Around 8 or 9 years ago, the Dean of the program where I have consulted for the past (almost) 14 years, asked me if I’d talk with someone who was an alum of the program, and had done some advising work for it, as well. Of course, I agreed, for many reasons – it was a favor for the person who had hired me and she was the person who sent in my invoices every month. (I also like her a lot.)
Her referral was unable to meet with me in person, so we set up some time on the phone, and had – as I learned later – a good talk.
About a year later, the Dean and I were interviewing candidates for the Director’s position in the program where I was consulting. I particularly liked one candidate, as did she, and he was hired. He was very impressive and I thought he would be great for the program. He was, and is.
Here’s where things get complicated for consultants. When a new head of a program is hired, the consultants usually are the first to go, because that new management person will want to bring in his/her own professional associates. I was convinced my tenure was about to end shortly. The new Director was very connected to the school, so I figured he had lots of people he would want to bring in to replace me.
We did hit it off, though, and began to significantly add to and build the program. We spent a great deal of time conceptualizing the growth of what evolved into a ground-breaking department in its field (and still is).
But I still wasn’t comfortable, even though my hours had increased.
Then, he changed our arrangement to put me on retainer – every consultant’s ultimate goal.
I began to realize that maybe I was going to stay.

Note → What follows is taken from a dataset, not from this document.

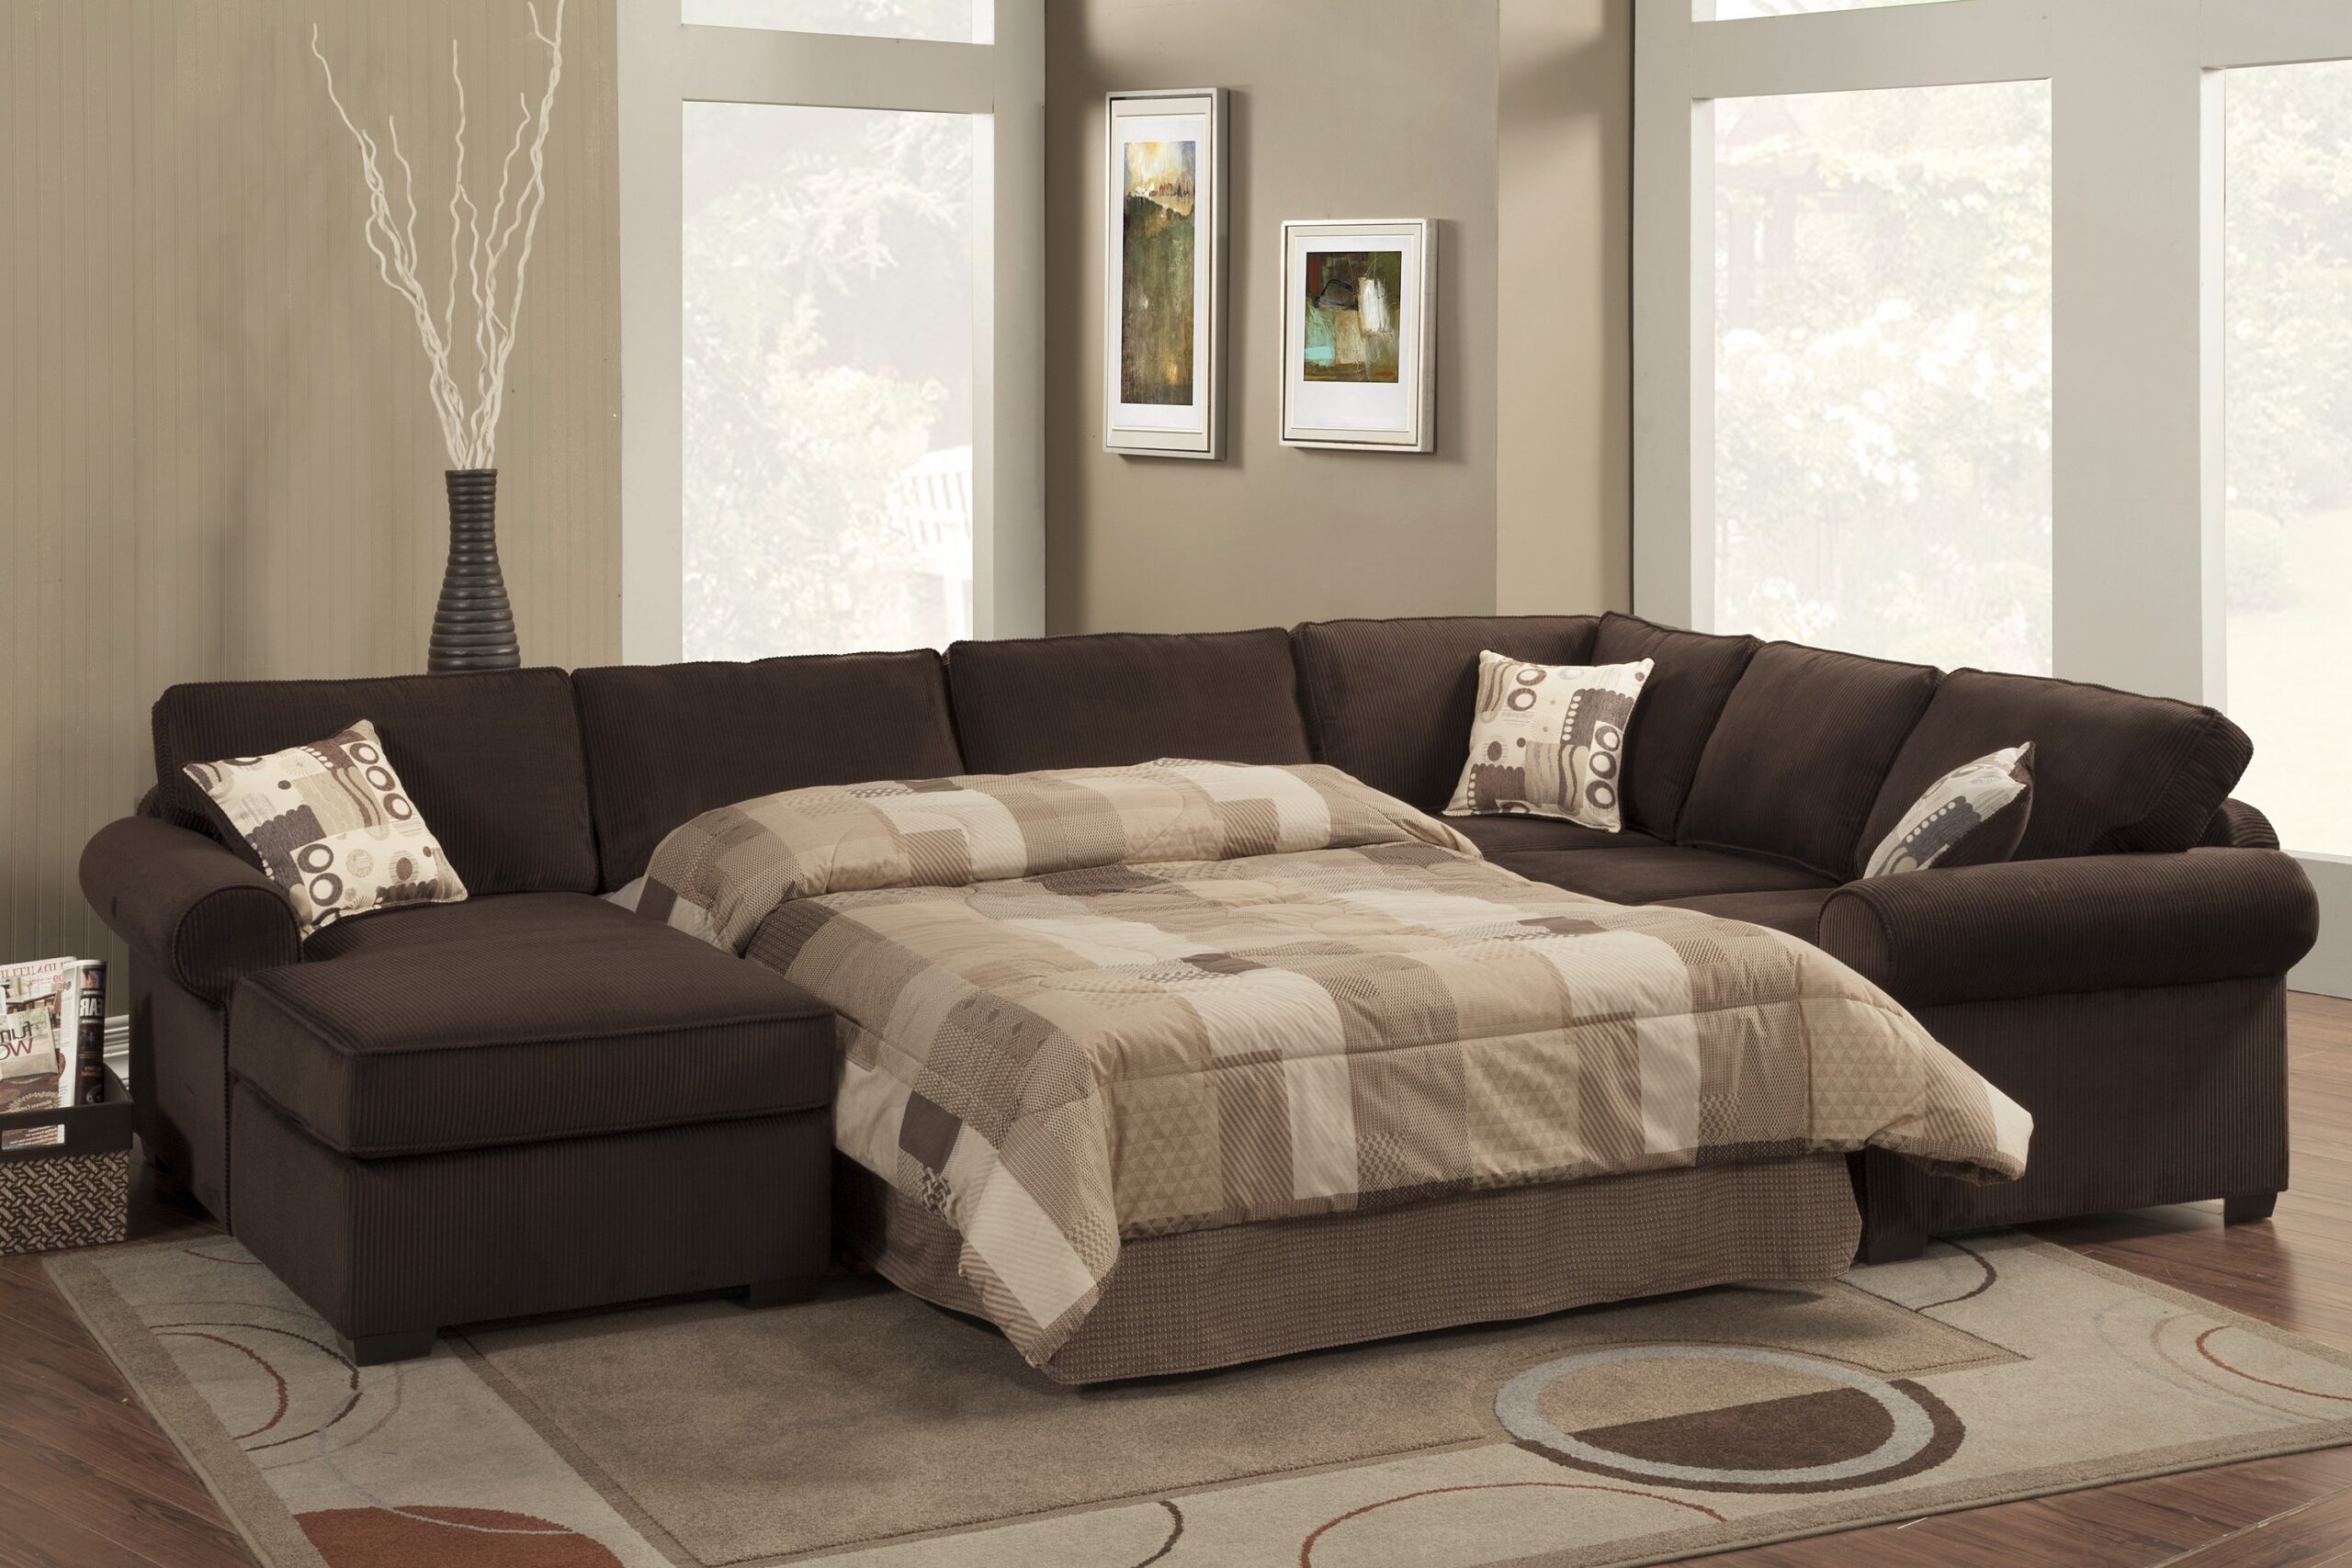 Cozy Sectional Sofas  decordip com

One day I asked him why he had been so nice to the guy (me) who had been left over from the previous regime. He looked at me, puzzled, and asked, “Don’t you remember that you spent quite a long time with me on the phone a few years ago? You were really helpful.”
I didn’t remember.
“Do you remember that I sent you a bottle of wine to thank you?”
This I remembered.
Then I looked it up in my notes and saw that we had indeed met.
I love torturing him about this story (especially in front of large classes), saying he needed to improve his presentation to create a more lasting perception (this always gets a big laugh). Truth is it was my memory that was the problem, and certainly not the way he presented. As I mentioned before, the guy is impressive.
The real point of the story is that I had created a relationship that came back to reward me in a very significant way. I hope he feels the same.
I had been on “the other side of the desk,” and there was at least as much in this interaction for me as there was for him – probably more, in the long run.
The relationship continues, and has resulted in the most gratifying and productive consulting assignment I’ve ever had. All because of one phone call.